The developer community is great in bringing outdated phones a little more up to date. They’re also great in providing users with a stock Android experience when wanted. However, something that’s often overlooked but is abundantly important is their work in finding security flaws.
This past weekend XDA user alephazin discovered a major security flaw in Samsung’s Exynos powered devices. The “flaw” has been used by a few different developers to provide root access to many devices. However, the exploit also opens up the devices to be controlled by malicious apps. Here’s his full statement below:
Recently discover a way to obtain root on S3 without ODIN flashing.
The security hole is in kernel, exactly with the device /dev/exynos-mem.
This device is R/W by all users and give access to all physical memory … what’s wrong with Samsung ? […]
The good news is we can easily obtain root on these devices and the bad is there is no control over it.

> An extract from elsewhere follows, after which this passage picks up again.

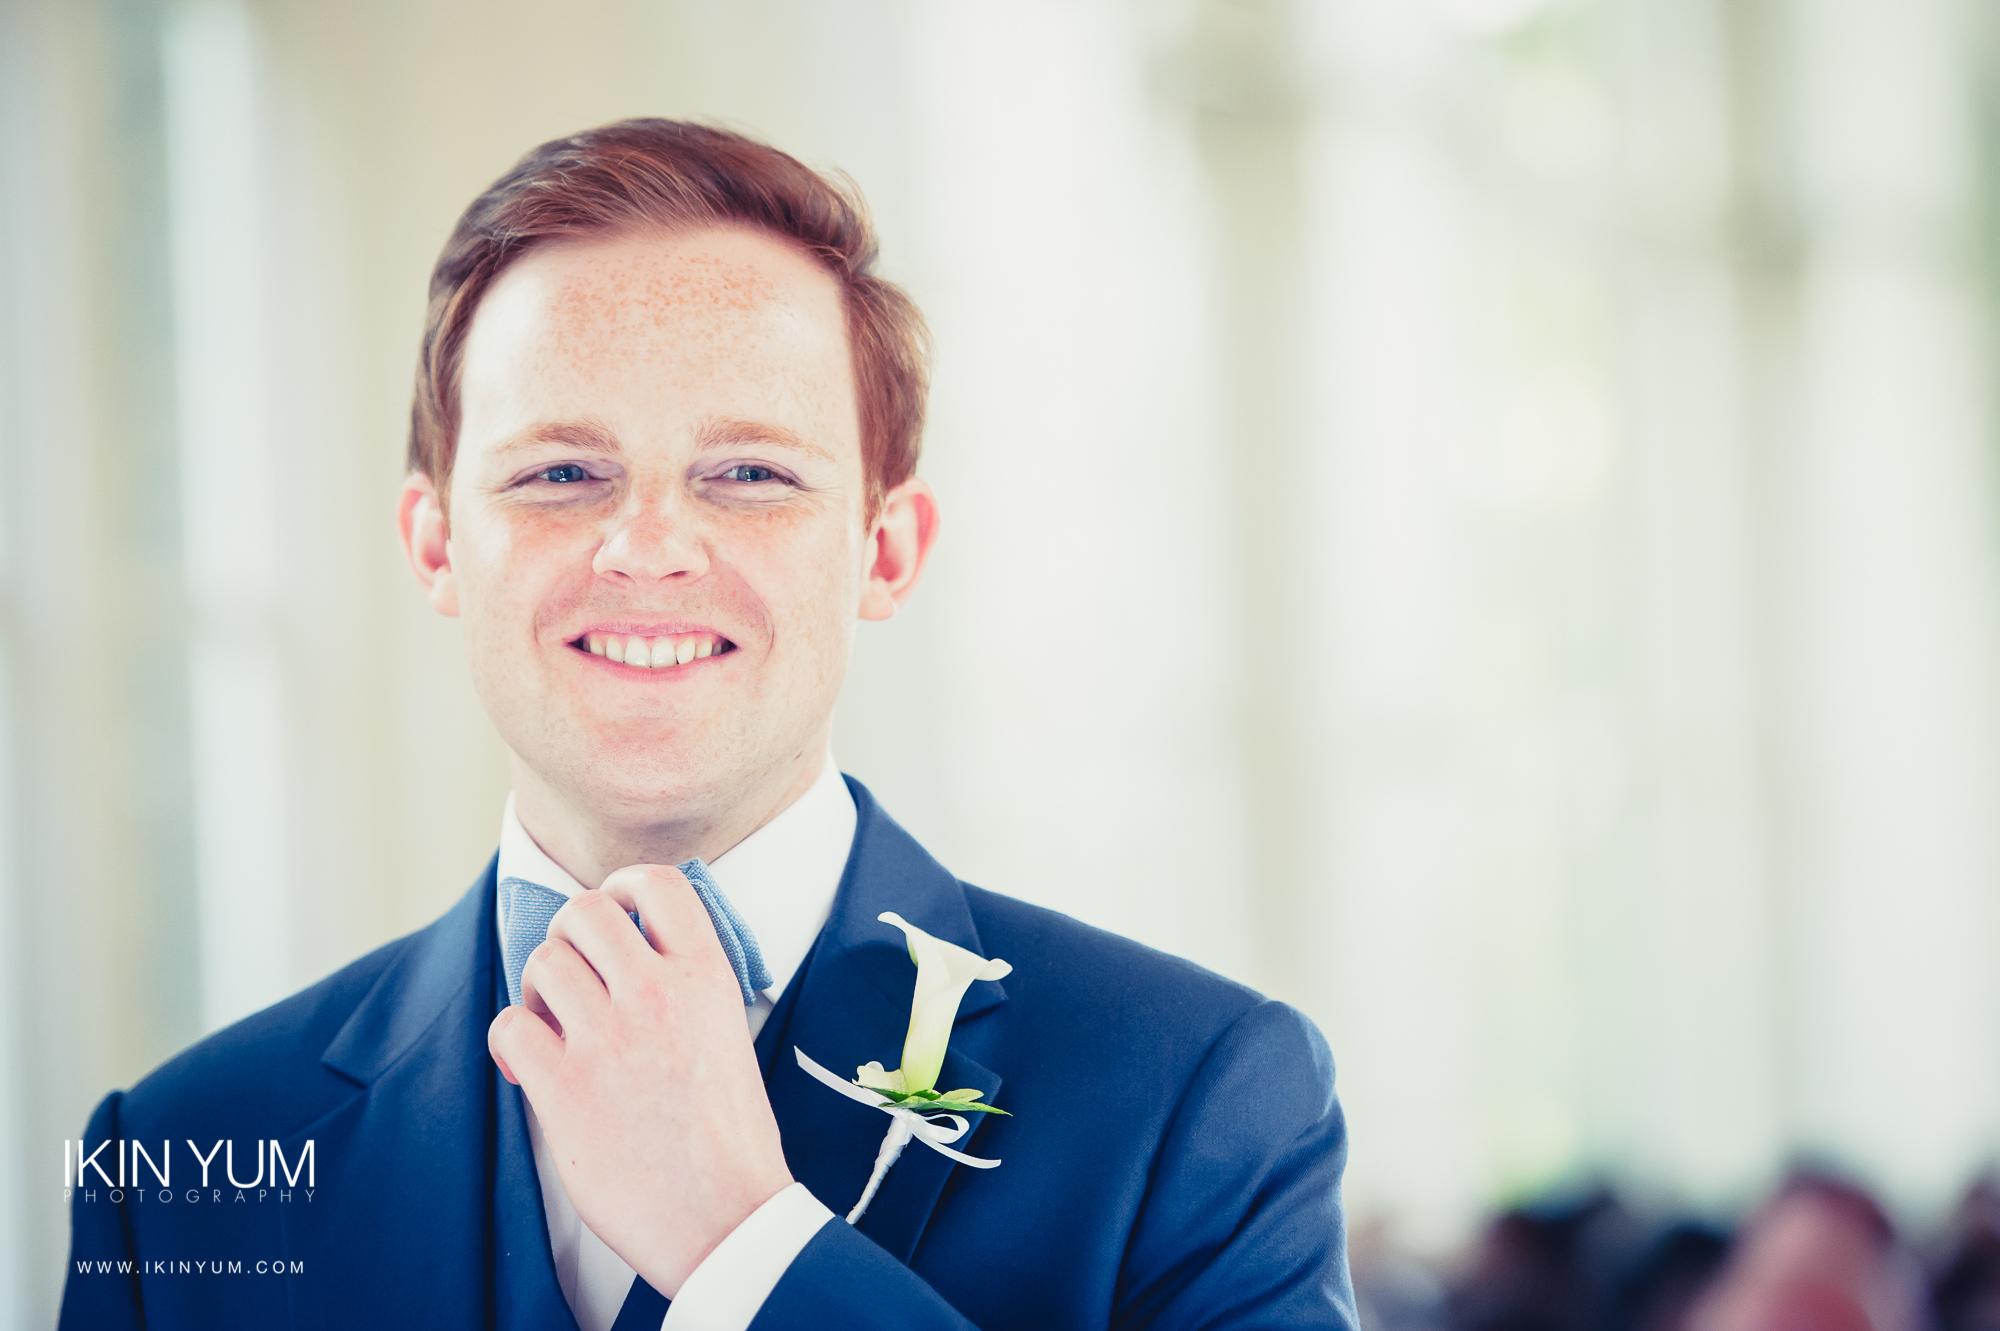 Holland Park Wedding - Ikin Yum Photography-0019.jpg

Ram dump, kernel code injection and others could be possible via app installation from Play Store. It certainly exists many ways to do that but Samsung give an easy way to exploit. This security hole is dangerous and expose phone to malicious apps. Exploitation with native C and JNI could be easily feasible.”
Apparently Samsung has already been notified about the problem so they’re likely working on a patch that will roll out in the near future. But my best advice is to simply be careful of what you download. Before downloading any app it’s a good idea to read through reviews and ensure that others have been using the app successfully.